Given that community health centers are already providing high-quality, cost-effective care to underserved populations, they’re a natural source of primary care for new Medicaid enrollees and other previously uninsured people who gain coverage under the ACA. The law’s creators knew this, and included an $11 billion Health Center Trust fund in the ACA for health center capital expenditures and expansions over the FY 2011-2015 period. (Many health centers also received stimulus funds to improve and expand their facilities.) But, as we saw with the Prevention and Public Health Fund, both the Obama Administration and Congress seem to have a hard time resisting the temptation to raid public-health investment funds to plug other budget gaps.
Under the ACA, Health Center Trust Fund money should have totaled $1 billion in FY 2011, with most of that money going to health-center capacity expansions. But the April 2011 budget deal that averted a government shutdown slashed that to $600 million, and most of that was shifted from expansions to ongoing operations because the budget for funding existing centers’ operations was also cut.
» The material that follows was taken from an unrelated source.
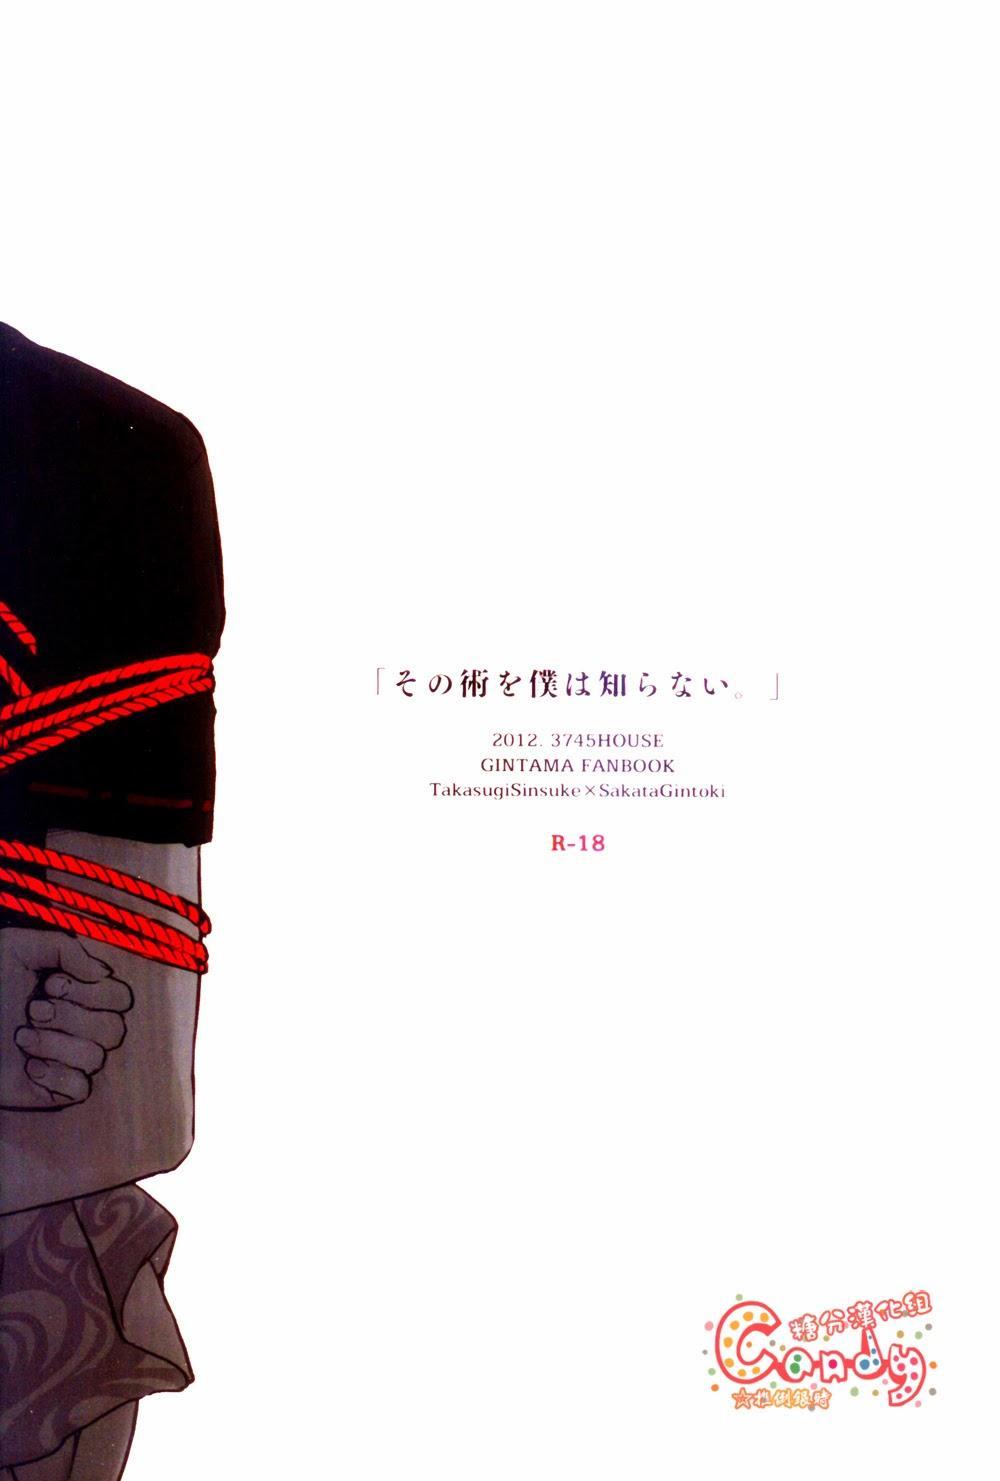 Sono Sube wo Boku wa Shiranai 25
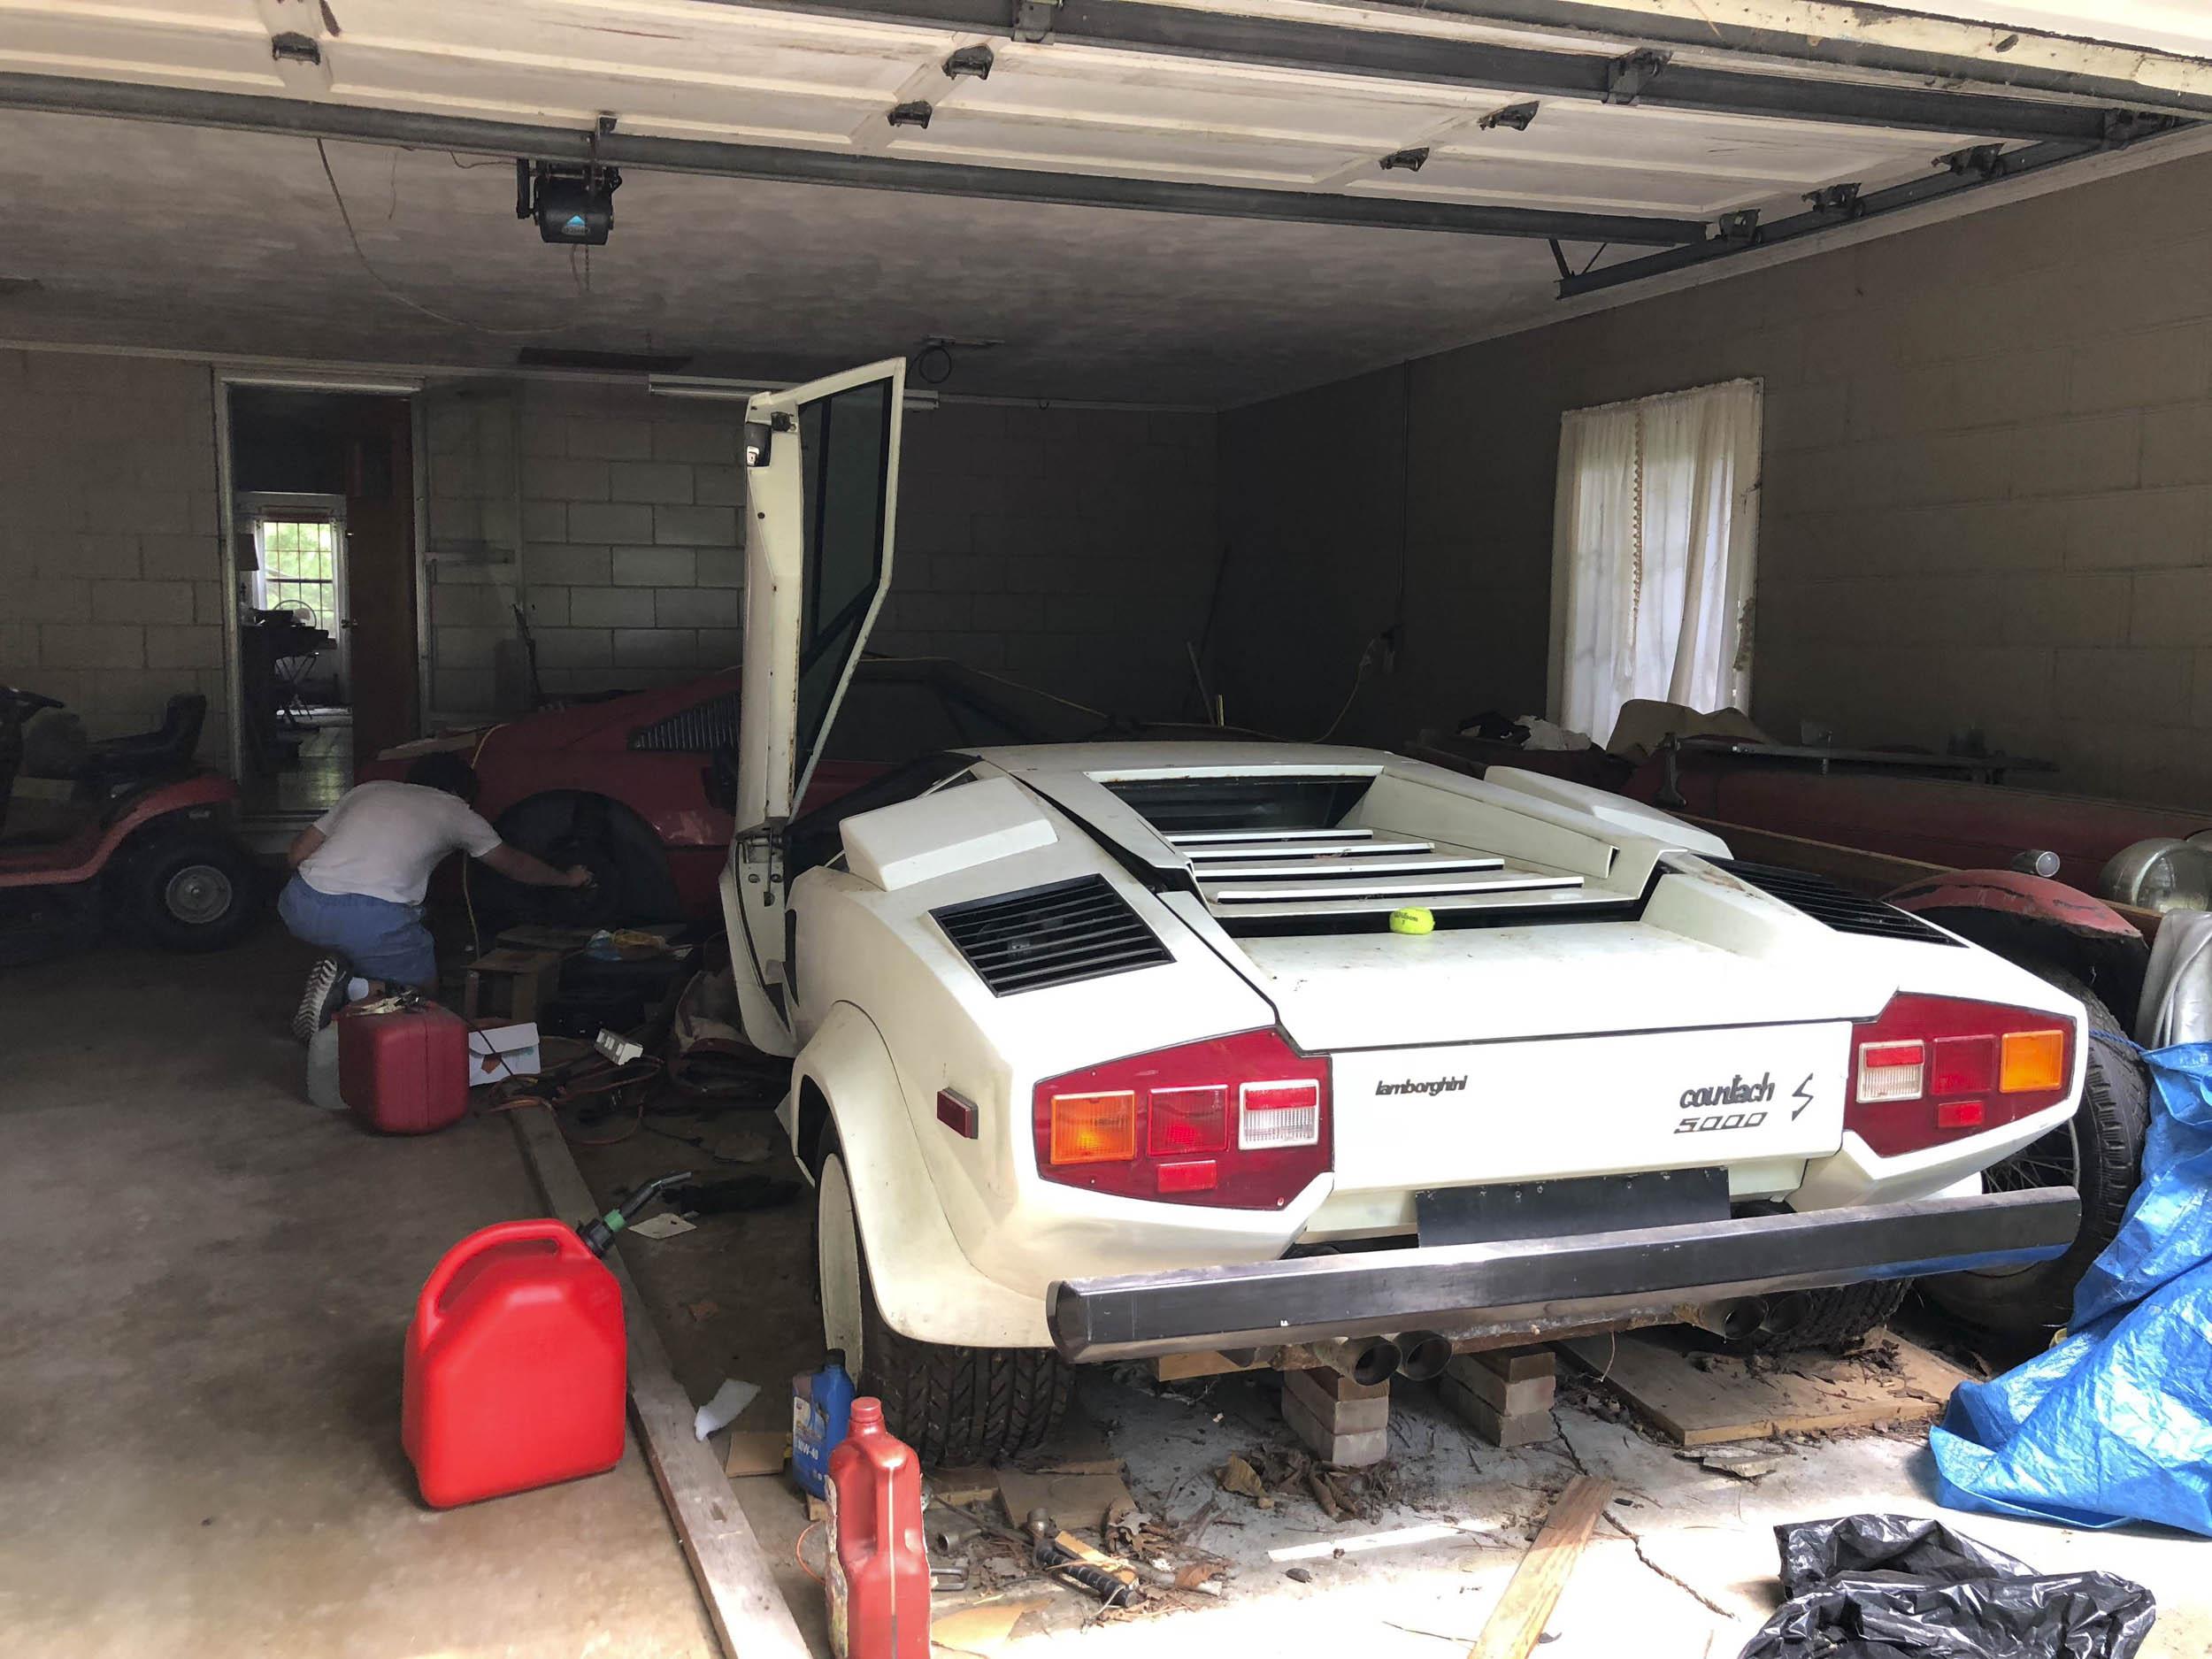 Lamborghini Countach garage find

The FY 2012 federal appropriations level is also far below the amount specified in the ACA, and will also have to be largely devoted to sustaining existing capacity rather than adding new capacity. (If you want all the gory details, they start on page 12 of this brief from the Kaiser Commission on Medicaid and the Uninsured.)
Investing in community health center expansion could help create the capacity we’ll need to serve new Medicaid beneficiaries and others who gain insurance coverage under the ACA beginning in 2014. It could also lead to better health and long-term healthcare savings in the communities where health centers operate. The hardest part seems to be convincing Congress to resist budget brinksmanship and let the US make this sensible investment in health.